> **TASK DIRECTIONS**
Copy each line of the data below exactly, leaving out pictures.

> **DATASET EXCERPT**
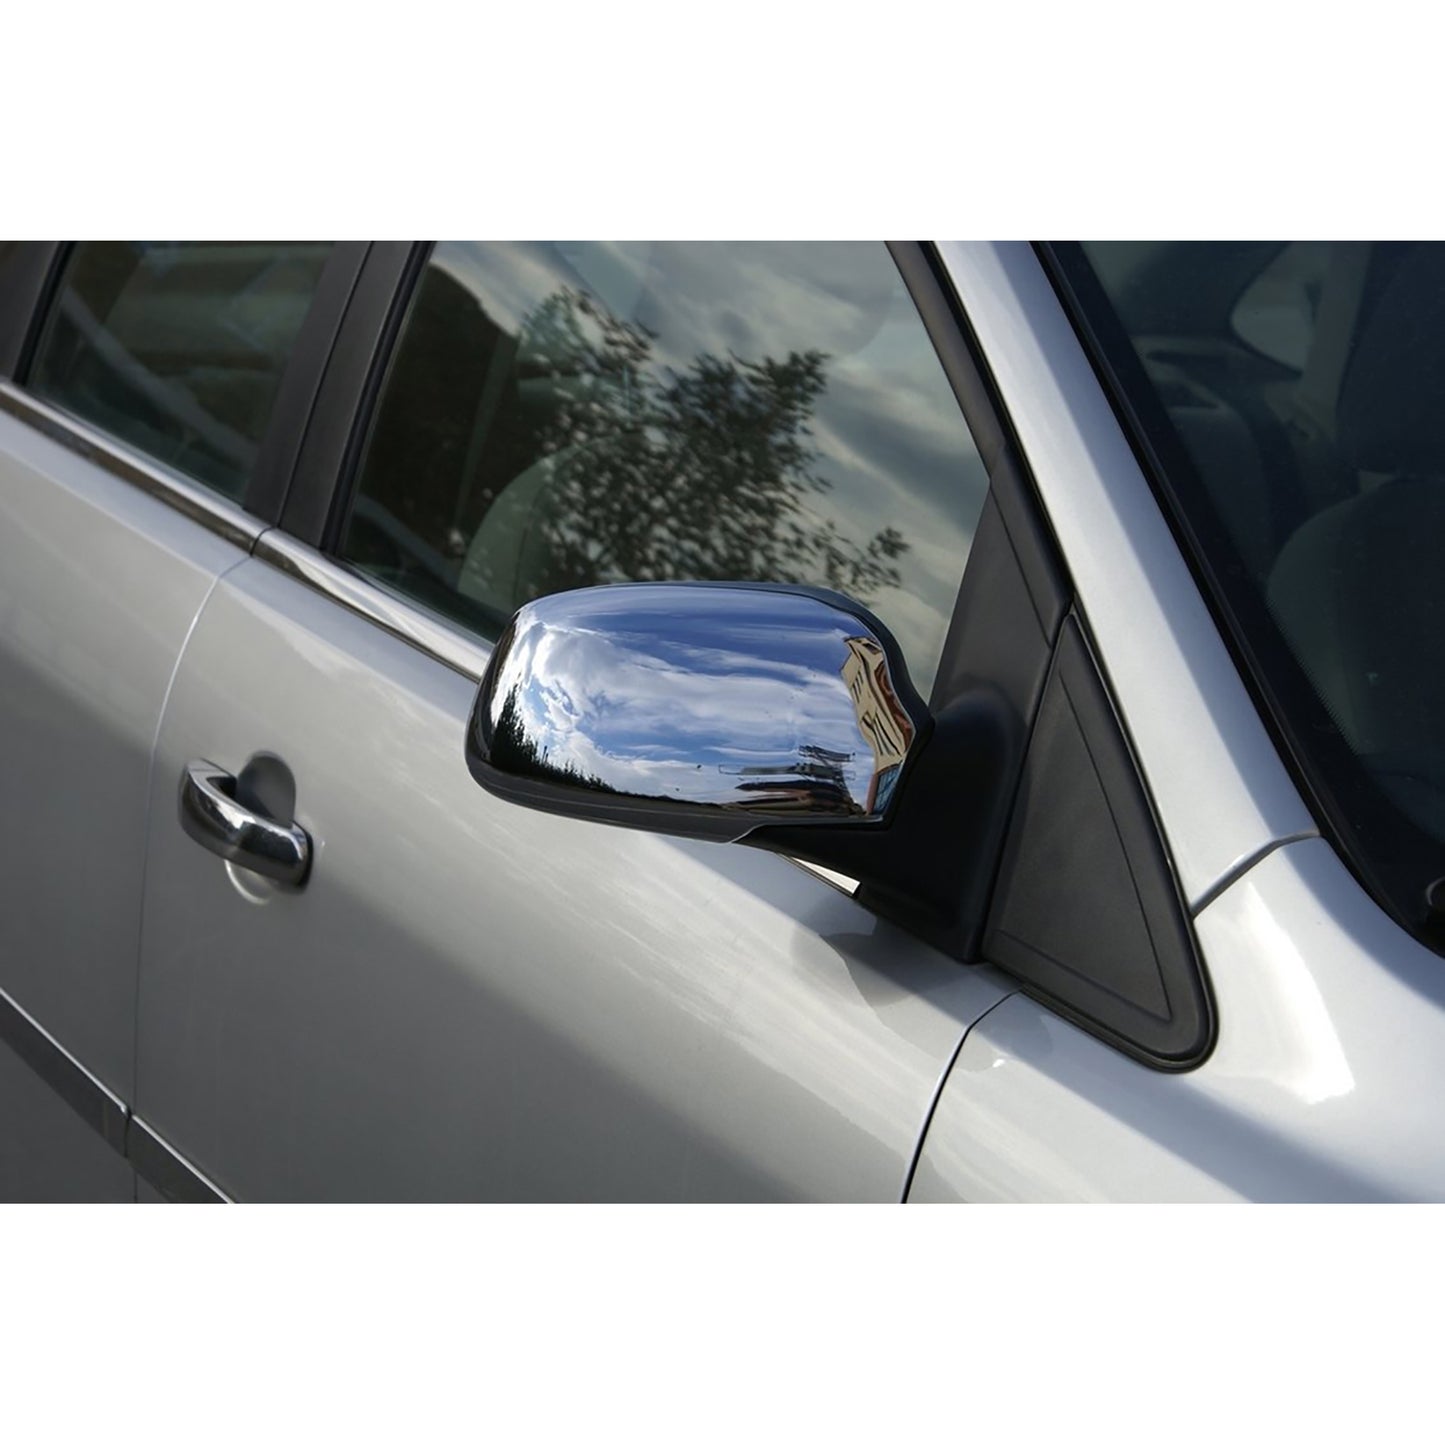 Ford Focus Krom Ayna Kapağı Aksesuarları Detaylı Resimleri, Kampanya bilgileri ve fiyatı - 1
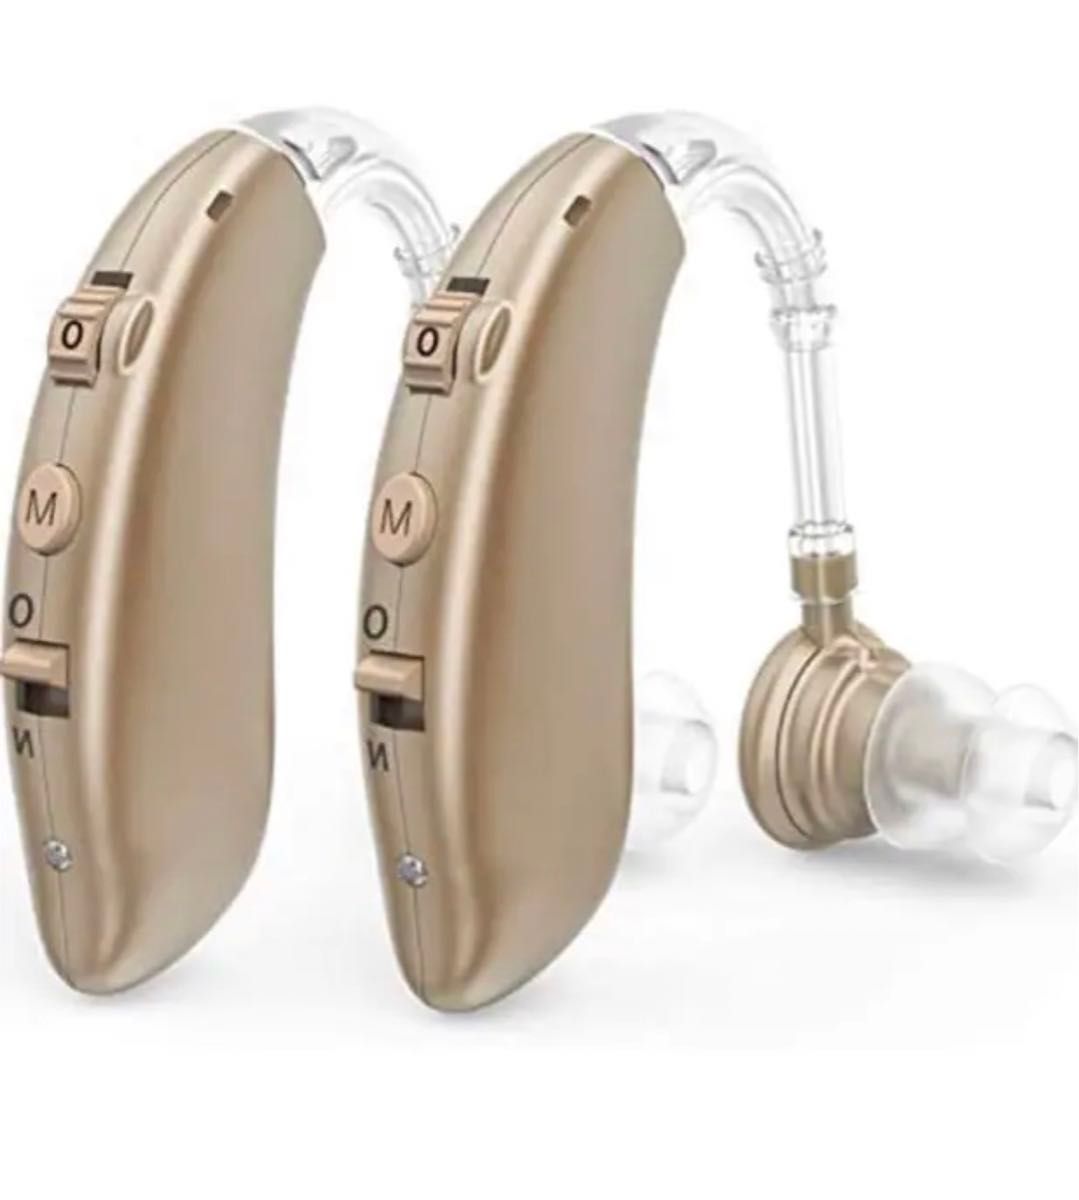 集音器 充電式 軽量 左右両用耳掛け式 4種類モード 音質切り替え機能を搭載 高級シリコーン 日本語取扱説明書付き
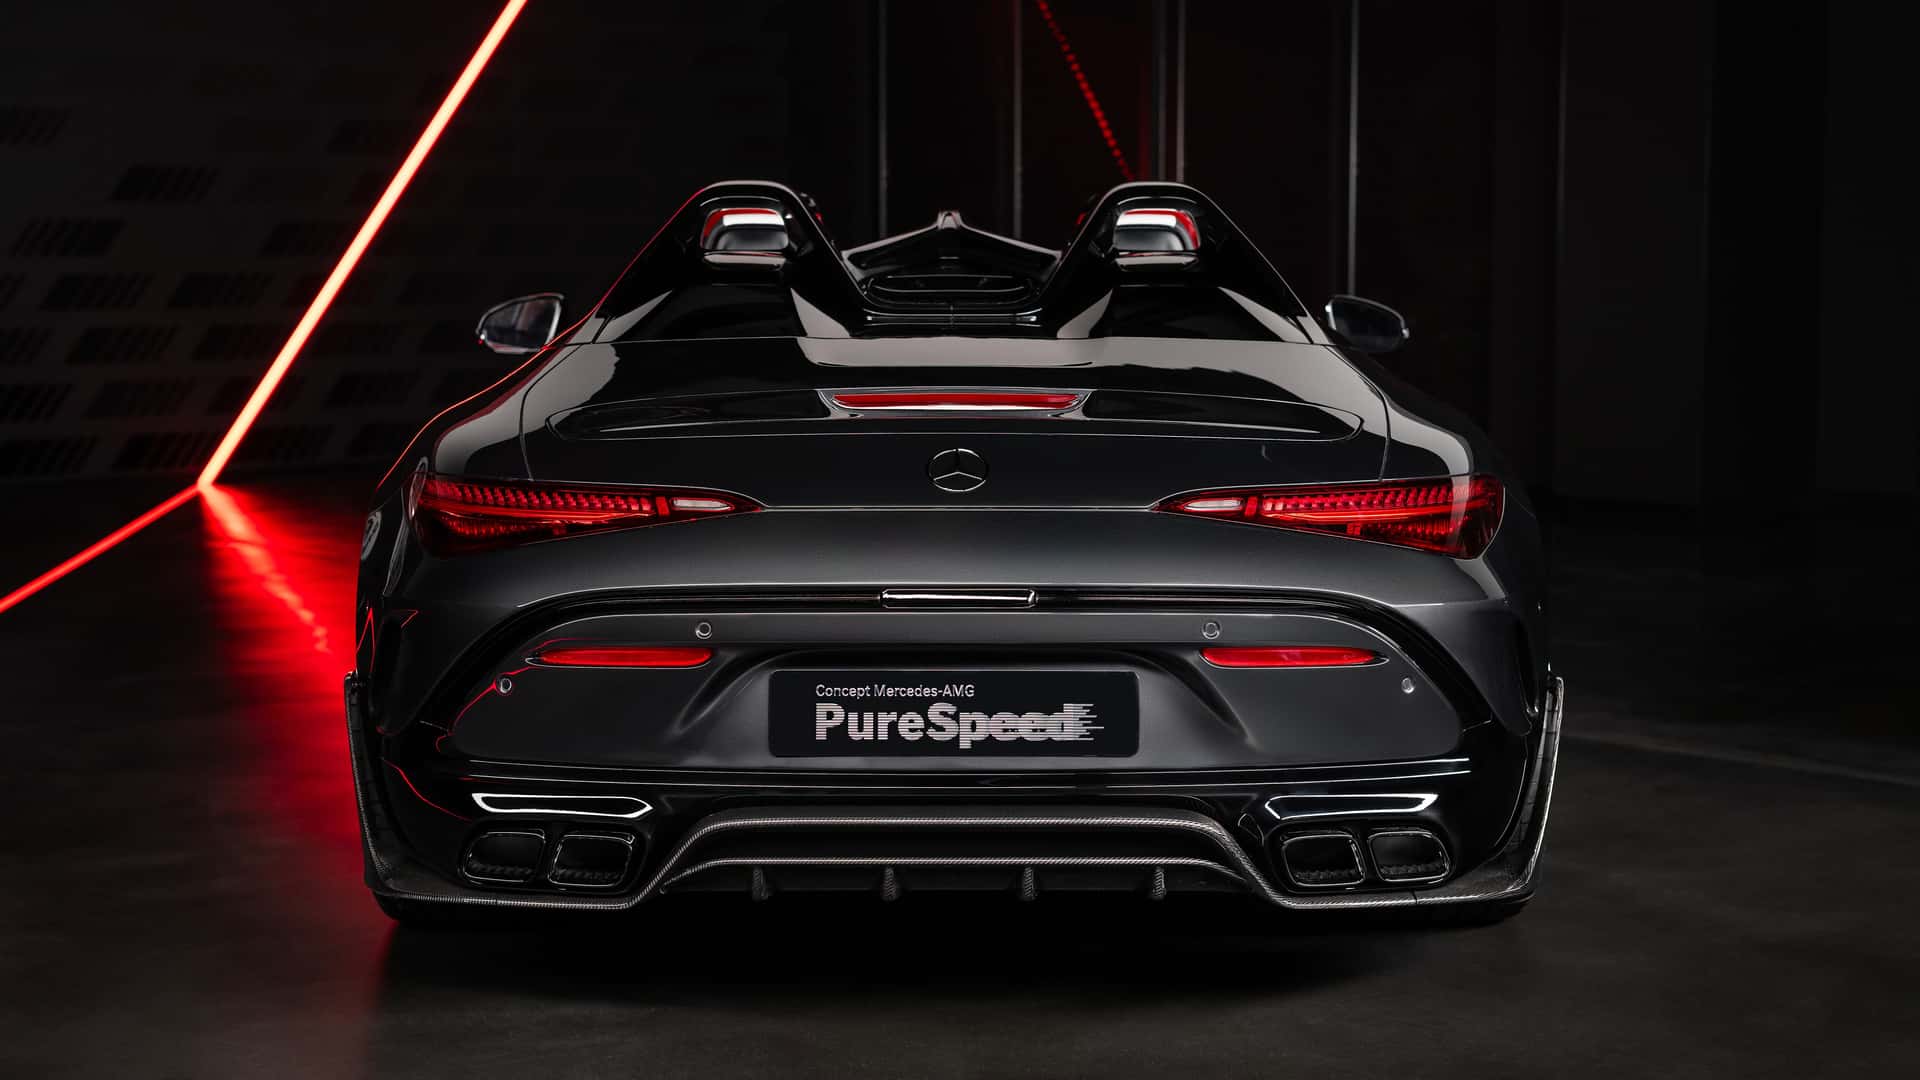 Ra mắt Mercedes-AMG Mythos PureSpeed - Siêu xe dùng công nghệ F1, khách phải được Mercedes-Benz duyệt mới được mua- Ảnh 7.

> **WRITTEN RESPONSE**
 Ford Focus Krom Ayna Kapağı Aksesuarları Detaylı Resimleri, Kampanya bilgileri ve fiyatı - 1
 集音器 充電式 軽量 左右両用耳掛け式 4種類モード 音質切り替え機能を搭載 高級シリコーン 日本語取扱説明書付き
 Ra mắt Mercedes-AMG Mythos PureSpeed - Siêu xe dùng công nghệ F1, khách phải được Mercedes-Benz duyệt mới được mua- Ảnh 7.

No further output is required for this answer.